Developing a nowcasting algorithm that can work without big data
The need for short-range forecasting
The constant demand for a faster release of official statistics has fuelled a growing need by statistical offices for accurate nowcasts based on reliable nowcasting techniques aimed at advance estimation of key components of their headline statistics. To respond to this challenge, in 2016 Eurostat – the EU’s Central Statistics Office – initiated the Eurostat Nowcasting Competition for the nowcasting of official statistics of EU member states.
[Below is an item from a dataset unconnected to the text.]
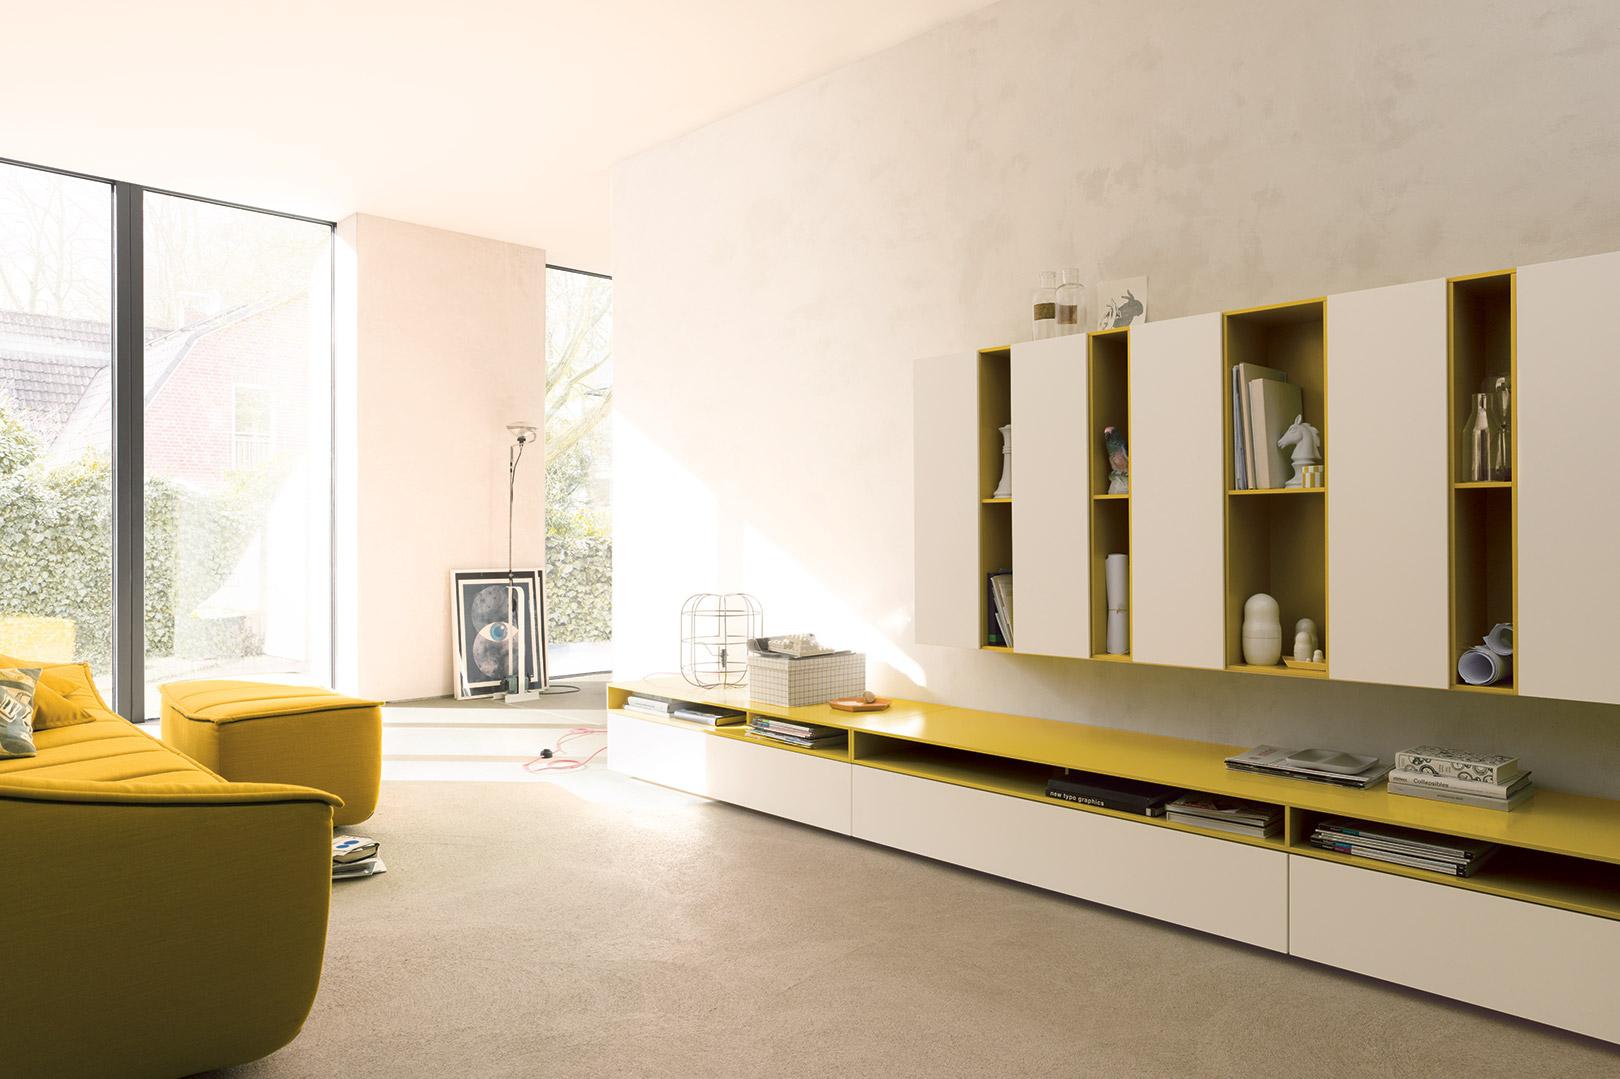 interl bke cube kastsysteem jan luppes interieurs melles interieur. Black Bedroom Furniture Sets. Home Design Ideas

In the sphere of official statistics, nowcasting refers to the short-range forecasting of an officially published statistic with short time lines of release.
The Eurostat Nowcasting Competition is also known as the Big Data for Official Statistics Competition or BDCOMP for short, due to encouraging the use of big data in nowcasting. Big data are data sources composed of high volumes in the sense of having large scale; high variety in that they exist in many different forms; and high velocity in the sense of streaming swiftly. All of these components demand cost-effective and innovative forms of information processing to enhance insight as well as decision-making. However, the use of big data was not an explicit requirement of the competition. Incorporating big data was part of a formal attempt by the competition’s Scientific Committee to establish what the accuracy of nowcasts will be with and without the use of such data.
… nowcasting refers to the short-range forecasting of an officially published statistic with short time lines of release.
About the Eurostat Nowcasting Competition
A seven-member Scientific Committee drawn from Eurostat itself, the Organisation for Economic Co-operation and Development (OECD), the German Central Bank (Deutsche Bundesbank), and the Statistical Offices of Italy (ISTAT), Slovenia (SURS) and Romania (INS) adjudicated the 2016 instalment of the competition.
Calls for participation in the competition were publicised on the Eurostat website as well as the newsletter of the Institute of Mathematical Statistics, i.e. the IMS Bulletin. Participation in the competition entailed 12 submission rounds – for every month in 2016 – according to the participant’s choice of track as well as the country for which the nowcasts are to be made. Anyone of the 28 member countries could be paired with a choice of seven tracks referring to the monthly indicators for nowcasting, these being:
- Unemployment levels
- Harmonised Index of Consumer Prices (HICP) – all items
- HICP excluding energy
- Tourism – nights spent at tourist accommodation establishments
- Tourism – nights spent at hotels
- Volume of retail trade
- Volume of retail trade excluding automotive fuel.
… the accuracy of nowcasts does not necessarily improve with the increased use of big data.
Participation in the competition is anonymised, and administered by a two-stage elimination process. The main requirements of participation were that no participants could change their methodology after its disclosure at the time of entry, and all nowcasts were to be submitted ahead of the release of the official statistics for which they are being made. Failing to meet these requirements led to elimination at the first stage. In the second stage, the surviving participants were further trimmed to determine the top five entries. From among these, the best-performing entry in the respective track of participation is then chosen. The second stage selections were done after the last submission round, according to advance criteria established by the competition’s Scientific Committee. The three criteria used in the 2016 competition were:
- Average error of the nowcasts, in terms of how far they are overall from their actual, i.e. official, counterparts;
- Directional accuracy, in terms of whether the nowcasts correctly predict the direction of change of their official counterparts; and
- Their likelihood of being generally representative, in terms of the extent to which the nowcasted estimates resemble their official counterparts.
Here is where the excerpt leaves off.